Siendo voluntario, no sólo se ayuda y aprende el verdadero significado de ser solidario, sino que también se conocen otras maneras de vivir y pensar, por medio del intercambio cultural que se produce, y sin duda, son y serán experiencias únicas y enriquecedoras.
Existen cientos de motivos para hacer un voluntariado. Es una decisión muy personal que se debe tomar valorando las razones que nos mueven, nuestras inquietudes, capacidades y aptitudes, como también las necesidades de la sociedad o el entorno. El trabajo voluntario es dinámico y sus beneficios son de distinta índole.
Convertirse en voluntario quiere decir implicarse, sentirse útil, sentirse parte de algo, sentirse necesario. En muchos casos estos sentimientos mejoran la autoestima y al mismo tiempo nos ayudan a salir un poco de nosotros mismos y suavizar el egocentrismo que muchas veces reina en nuestras vidas.
Estas dos últimas semanas estuve colaborando como voluntario en la casa de Corrientes en Buenos Aires recibiendo, seleccionando y empacando las donaciones que la gente entregaba para colaborar con el desastre producido por los incendios en esa provincia. Hasta el momento logramos cargar veinticuatro camiones que llegaron a destino con todo tipo de mercaderías.
La persona voluntaria es aquella que, además de sus actividades personales, dedica parte de su tiempo libre, de manera continuada, a realizar actividades en favor de los demás y de intereses colectivos, de forma altruista, dentro de un proyecto que pretende erradicar o modificar las causas que provoca un problema social.
Los primeros días de la convocatoria realizada por Alfredo Casero -cuando estaban las cámaras de la televisión- eran muchas las personas asistentes, pero luego con el pasar de los días fue mermando y sólo quedamos un grupo que, en armonía y con alegría, trabajamos todas las jornadas. Entre los asistentes se podían advertir distintas situaciones:
-Una anciana de unos 80 años que iba por la tarde y se sentaba a ver cómo trabajaba la gente y eso, según decía, le alegraba el corazón.

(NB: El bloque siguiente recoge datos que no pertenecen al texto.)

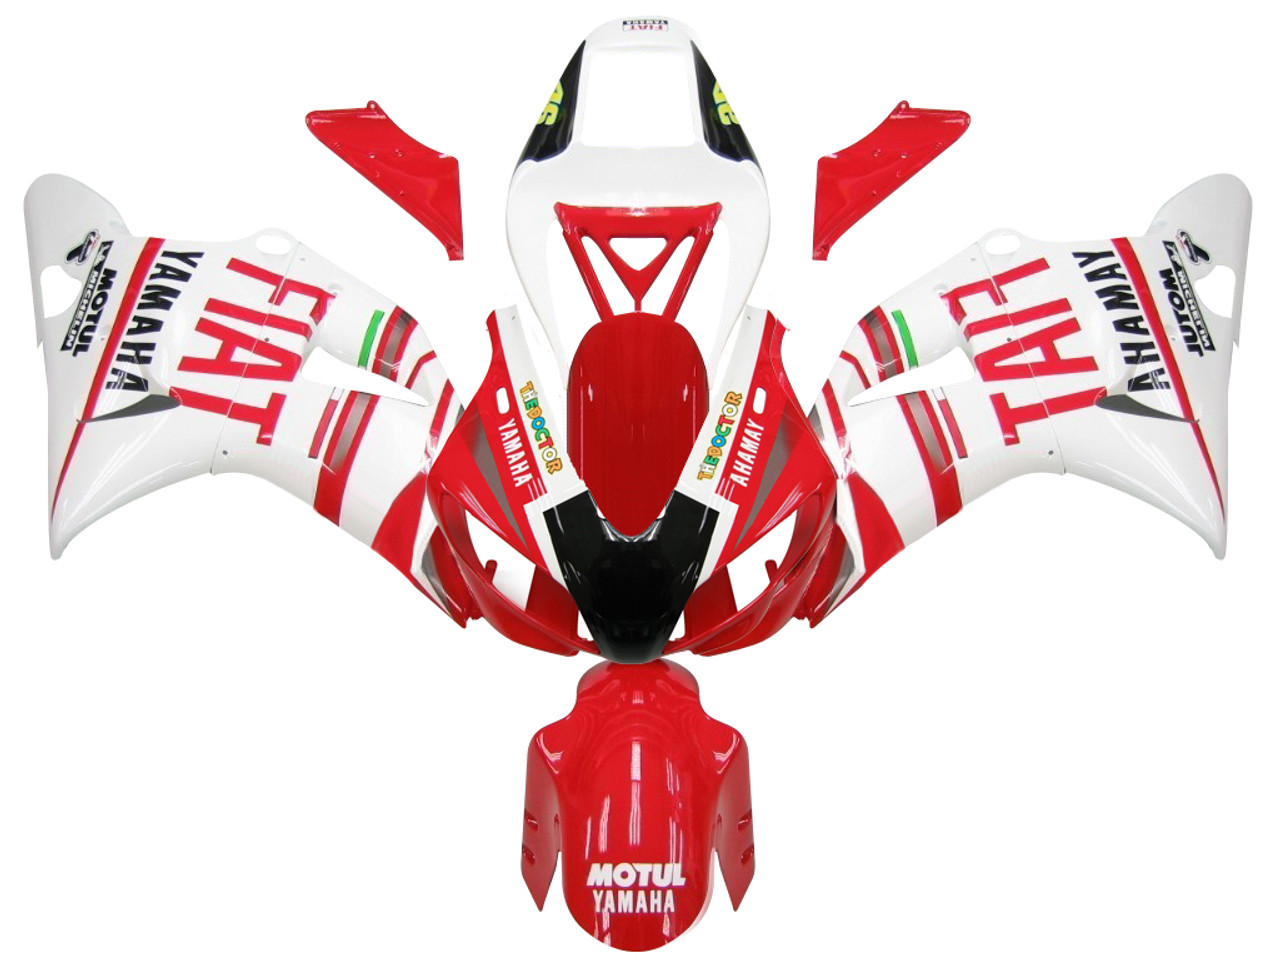 Fairings Yamaha YZF-R1 Red White No.46 FIAT  R1 Racing (1998-1999)

-Una niña de unos 10 años que, muy tímidamente acompañada por su madre, nos entregó dos paquetitos de alimento para aves y su rostro se iluminó de alegría.
-El que insiste, una y otra vez, porque quiere que sus donaciones lleguen a destino.
-El motoquero que a media tarde, desinteresadamente, trajo tortas fritas para que consumamos todos los voluntarios.
-Un grupo de Boy Scout y de bomberos siempre dispuestos a dar una mano.
-La niña que lloraba porque no podía colaborar y una sonrisa enorme cruzó su rostro cuando se le permitió mover unas cajas vacías.
-Los manifestantes de izquierda que, -interrumpiendo el paso de los camiones que debían ser cargados con las mercaderías- llegaron con pancartas y megáfono, a protestar por la Ley de humedales y el FMI, el día que Cabandié debía exponer en el Congreso. Cuando, después de una hora de escuchar sus consignas y sus bombos, se les pidió si algunos podían quedarse para a colaborar en la carga de los camiones, dijeron que ellos debían seguir con su protesta…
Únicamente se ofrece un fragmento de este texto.